#### WORK TASK
Exactly as written, repeat all of the records below.

EXERCISE INPUT below:

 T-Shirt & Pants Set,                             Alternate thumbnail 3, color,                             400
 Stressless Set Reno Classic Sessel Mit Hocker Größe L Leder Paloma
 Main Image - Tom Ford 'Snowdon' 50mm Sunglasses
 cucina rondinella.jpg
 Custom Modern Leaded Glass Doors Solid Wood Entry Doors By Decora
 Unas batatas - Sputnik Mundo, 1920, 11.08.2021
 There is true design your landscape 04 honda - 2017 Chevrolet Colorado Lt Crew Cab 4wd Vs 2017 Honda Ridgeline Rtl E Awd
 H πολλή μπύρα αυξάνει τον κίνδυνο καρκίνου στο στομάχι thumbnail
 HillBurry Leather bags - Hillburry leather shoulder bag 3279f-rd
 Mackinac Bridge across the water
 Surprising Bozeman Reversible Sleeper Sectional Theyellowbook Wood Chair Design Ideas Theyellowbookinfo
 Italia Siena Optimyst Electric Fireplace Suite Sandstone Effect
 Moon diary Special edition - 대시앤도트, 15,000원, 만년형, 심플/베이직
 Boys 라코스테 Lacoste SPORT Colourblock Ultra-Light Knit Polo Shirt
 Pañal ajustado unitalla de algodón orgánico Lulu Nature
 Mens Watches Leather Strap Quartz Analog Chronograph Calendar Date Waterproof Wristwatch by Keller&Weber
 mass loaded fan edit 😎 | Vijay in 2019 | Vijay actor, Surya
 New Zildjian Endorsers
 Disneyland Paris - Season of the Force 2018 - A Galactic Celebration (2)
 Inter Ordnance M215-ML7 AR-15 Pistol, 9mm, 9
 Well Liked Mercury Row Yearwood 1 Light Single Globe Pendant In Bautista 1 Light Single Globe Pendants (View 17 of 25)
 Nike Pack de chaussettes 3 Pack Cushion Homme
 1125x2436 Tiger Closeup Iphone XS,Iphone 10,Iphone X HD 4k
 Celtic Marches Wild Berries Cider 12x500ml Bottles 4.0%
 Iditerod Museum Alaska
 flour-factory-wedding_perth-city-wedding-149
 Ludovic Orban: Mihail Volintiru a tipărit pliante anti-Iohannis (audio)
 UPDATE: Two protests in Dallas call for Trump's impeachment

End of EXERCISE INPUT.

#### EXERCISE SOLUTION
 T-Shirt & Pants Set,                             Alternate thumbnail 3, color,                             400
 Stressless Set Reno Classic Sessel Mit Hocker Größe L Leder Paloma
 Main Image - Tom Ford 'Snowdon' 50mm Sunglasses
 cucina rondinella.jpg
 Custom Modern Leaded Glass Doors Solid Wood Entry Doors By Decora
 Unas batatas - Sputnik Mundo, 1920, 11.08.2021
 There is true design your landscape 04 honda - 2017 Chevrolet Colorado Lt Crew Cab 4wd Vs 2017 Honda Ridgeline Rtl E Awd
 H πολλή μπύρα αυξάνει τον κίνδυνο καρκίνου στο στομάχι thumbnail
 HillBurry Leather bags - Hillburry leather shoulder bag 3279f-rd
 Mackinac Bridge across the water
 Surprising Bozeman Reversible Sleeper Sectional Theyellowbook Wood Chair Design Ideas Theyellowbookinfo
 Italia Siena Optimyst Electric Fireplace Suite Sandstone Effect
 Moon diary Special edition - 대시앤도트, 15,000원, 만년형, 심플/베이직
 Boys 라코스테 Lacoste SPORT Colourblock Ultra-Light Knit Polo Shirt
 Pañal ajustado unitalla de algodón orgánico Lulu Nature
 Mens Watches Leather Strap Quartz Analog Chronograph Calendar Date Waterproof Wristwatch by Keller&Weber
 mass loaded fan edit 😎 | Vijay in 2019 | Vijay actor, Surya
 New Zildjian Endorsers
 Disneyland Paris - Season of the Force 2018 - A Galactic Celebration (2)
 Inter Ordnance M215-ML7 AR-15 Pistol, 9mm, 9
 Well Liked Mercury Row Yearwood 1 Light Single Globe Pendant In Bautista 1 Light Single Globe Pendants (View 17 of 25)
 Nike Pack de chaussettes 3 Pack Cushion Homme
 1125x2436 Tiger Closeup Iphone XS,Iphone 10,Iphone X HD 4k
 Celtic Marches Wild Berries Cider 12x500ml Bottles 4.0%
 Iditerod Museum Alaska
 flour-factory-wedding_perth-city-wedding-149
 Ludovic Orban: Mihail Volintiru a tipărit pliante anti-Iohannis (audio)
 UPDATE: Two protests in Dallas call for Trump's impeachment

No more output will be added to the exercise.